— THE PROBLEM —
Further down are entries; set down exactly and only the lines from the one with "Periodontitt kjennetegnes ved" up to and including the one with "Αντιφασιστικό – αντιπολεμικό", dropping each picture.

— EXERCISE MATERIALS —
━━━

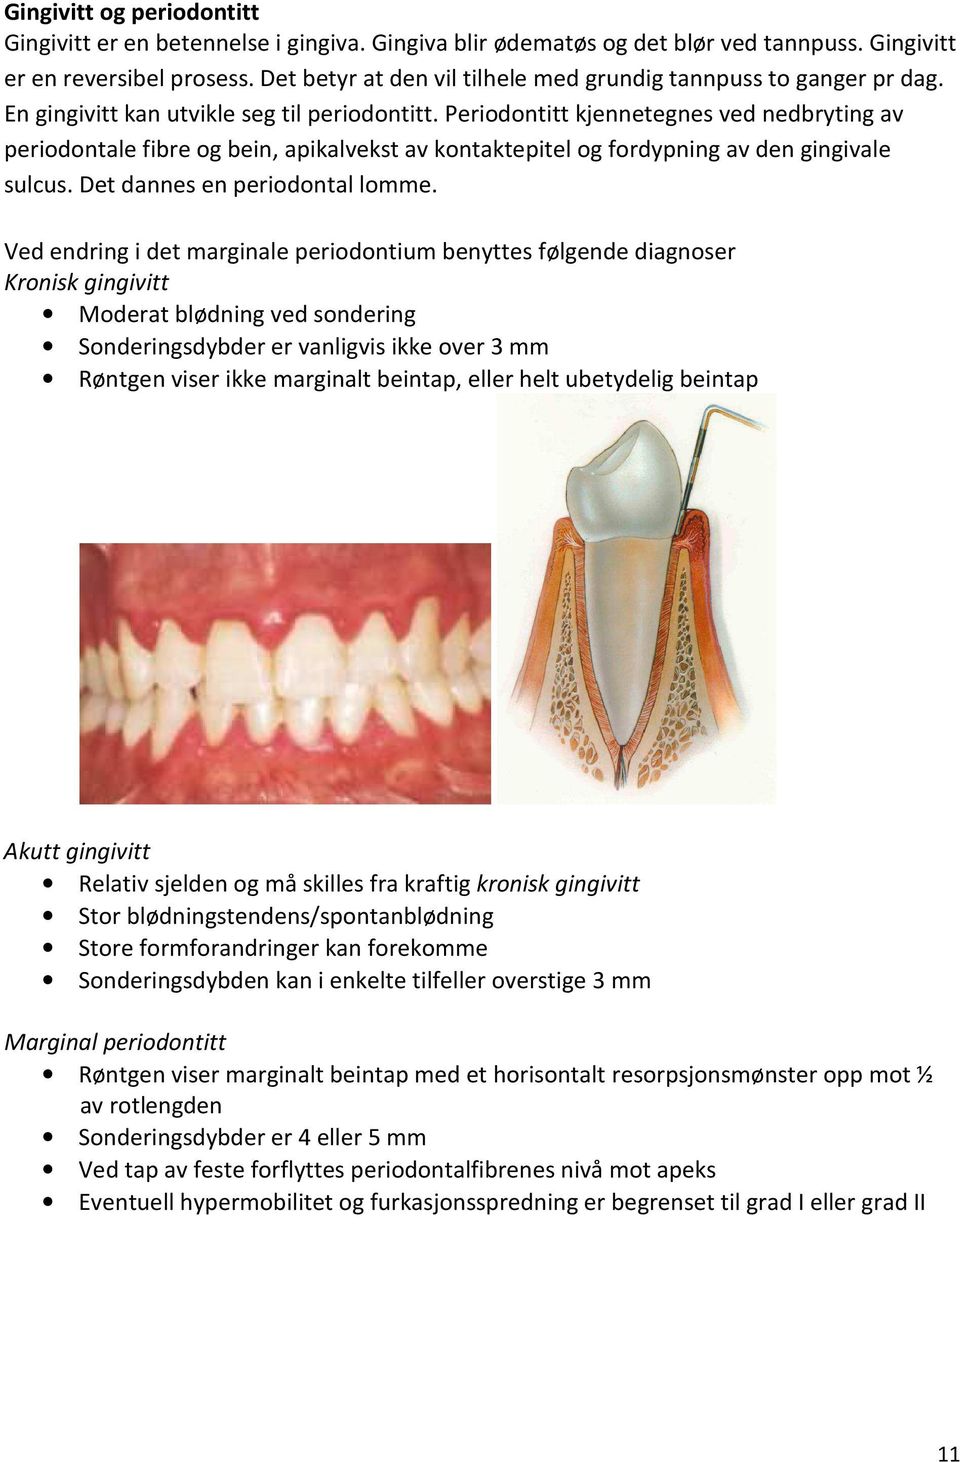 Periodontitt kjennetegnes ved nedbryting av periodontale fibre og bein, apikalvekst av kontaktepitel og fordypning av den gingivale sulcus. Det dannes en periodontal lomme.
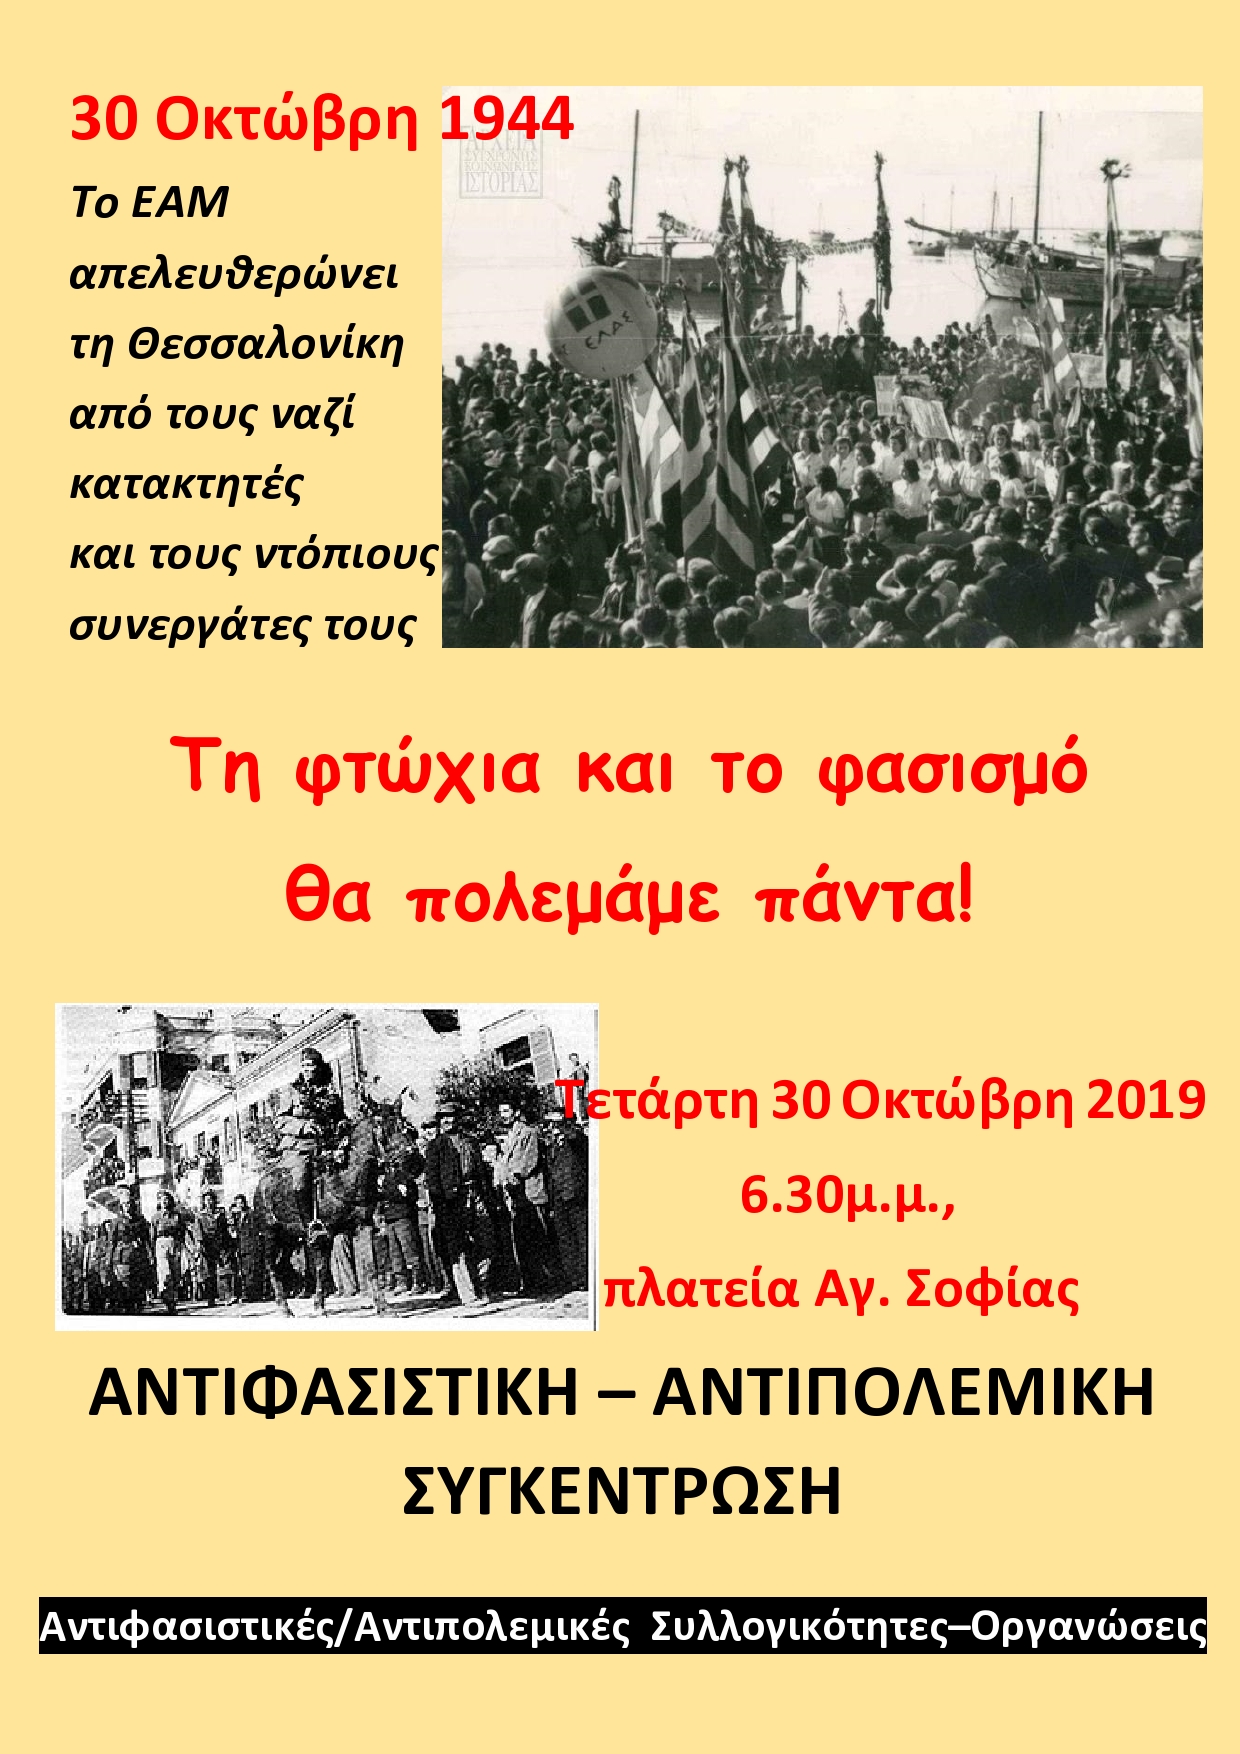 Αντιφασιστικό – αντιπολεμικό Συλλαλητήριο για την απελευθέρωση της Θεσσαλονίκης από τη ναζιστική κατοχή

━━━

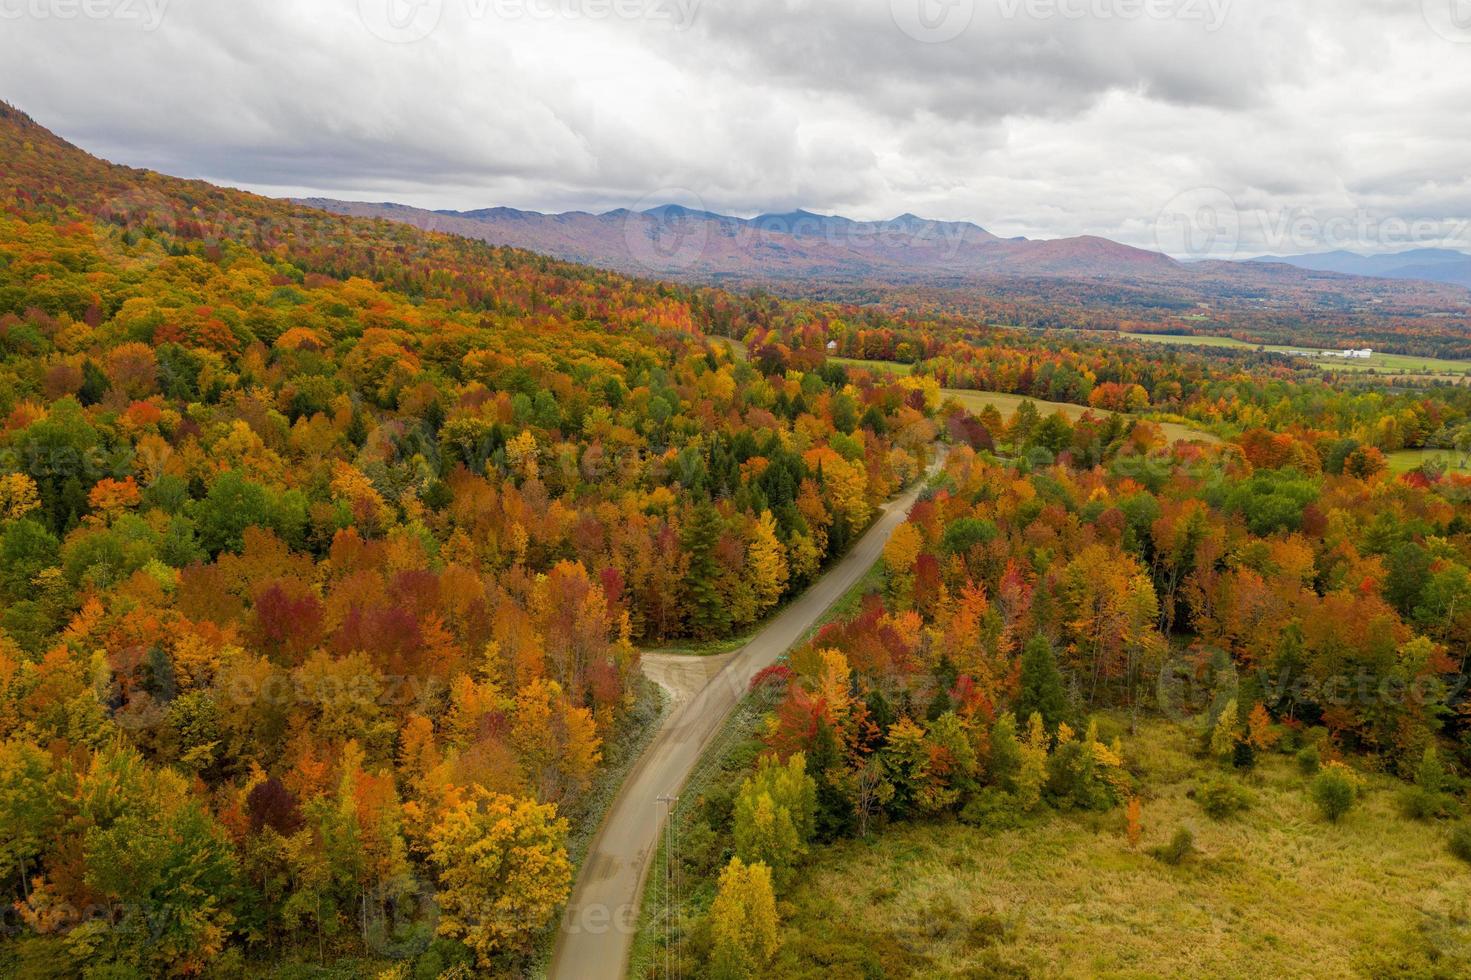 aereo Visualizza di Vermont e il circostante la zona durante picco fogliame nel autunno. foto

━━━

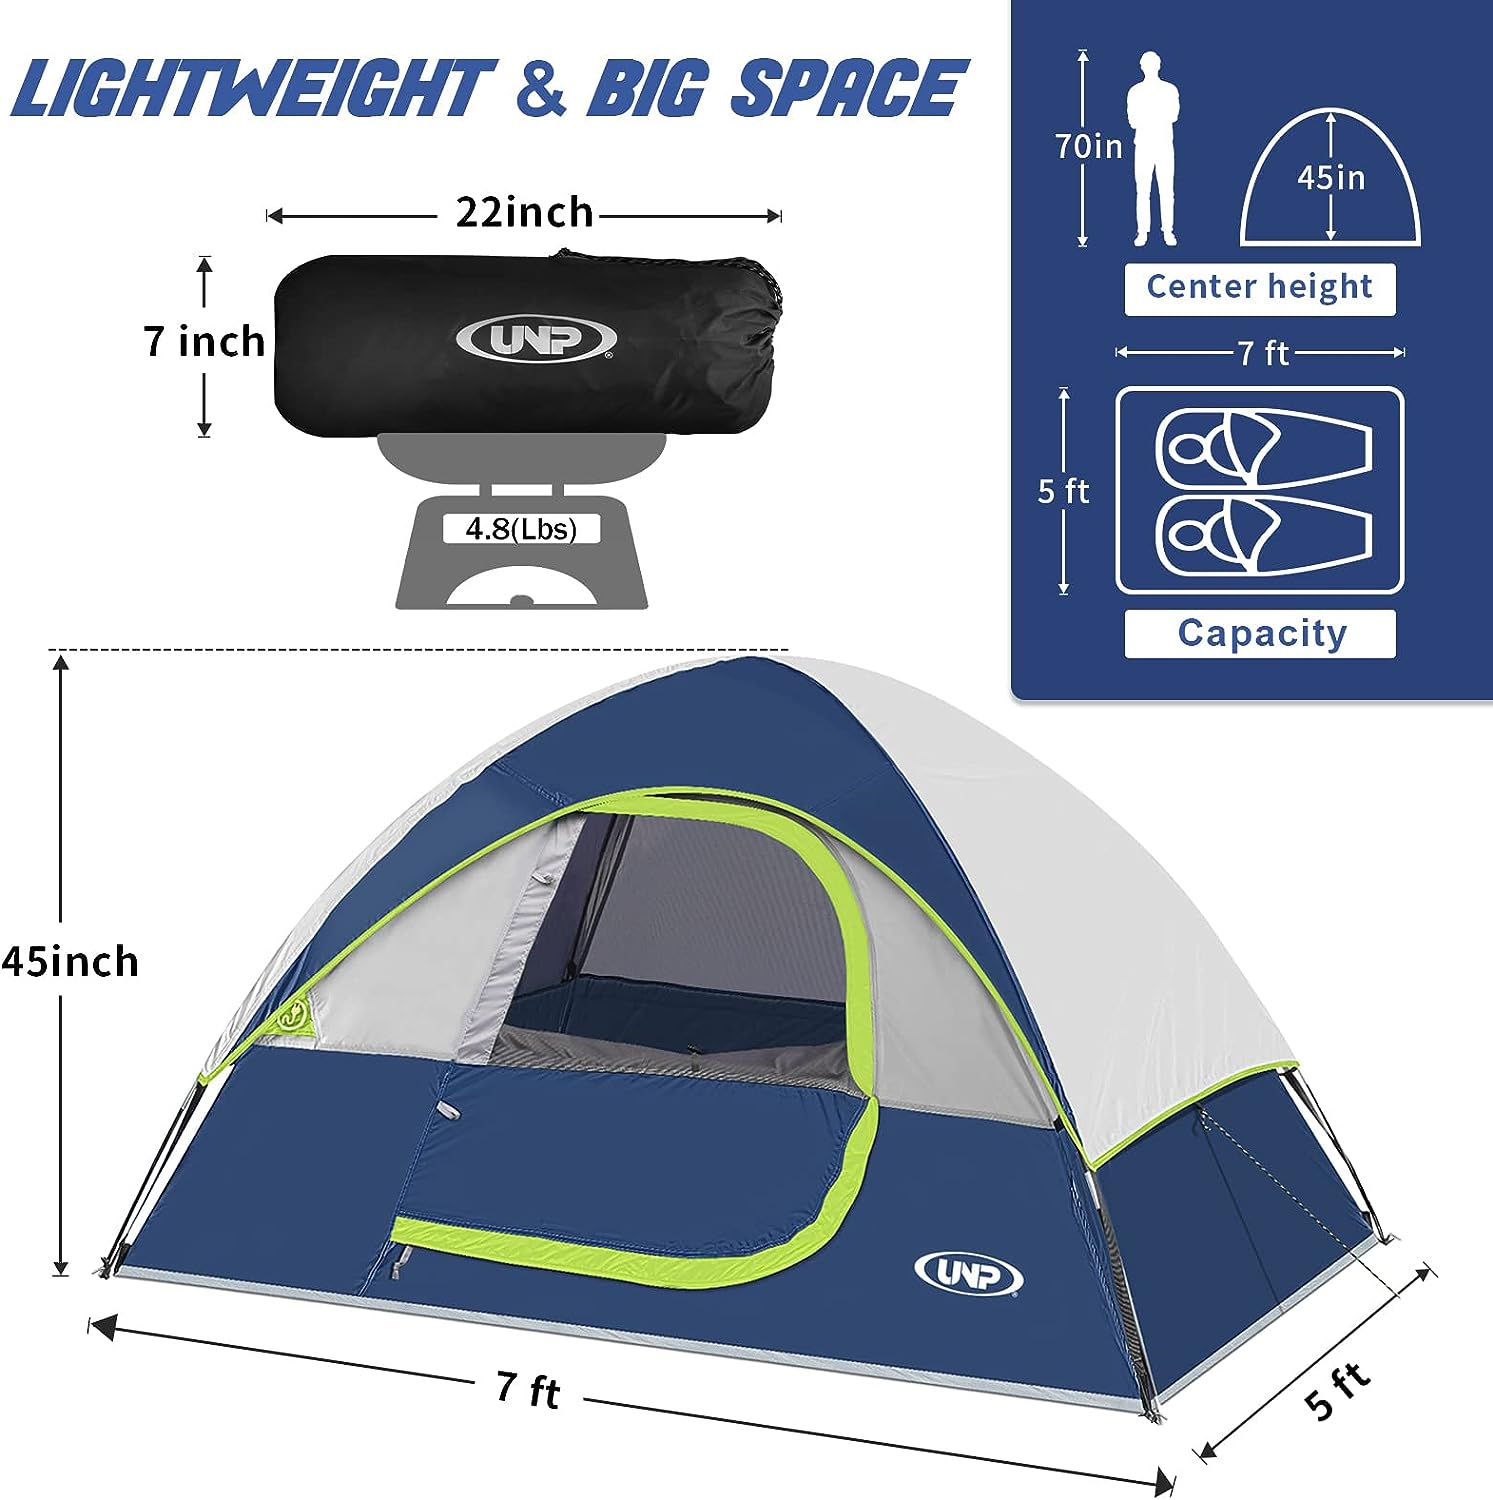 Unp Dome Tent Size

━━━

— RESULT BELOW —
 Periodontitt kjennetegnes ved nedbryting av periodontale fibre og bein, apikalvekst av kontaktepitel og fordypning av den gingivale sulcus. Det dannes en periodontal lomme.
 Αντιφασιστικό – αντιπολεμικό Συλλαλητήριο για την απελευθέρωση της Θεσσαλονίκης από τη ναζιστική κατοχή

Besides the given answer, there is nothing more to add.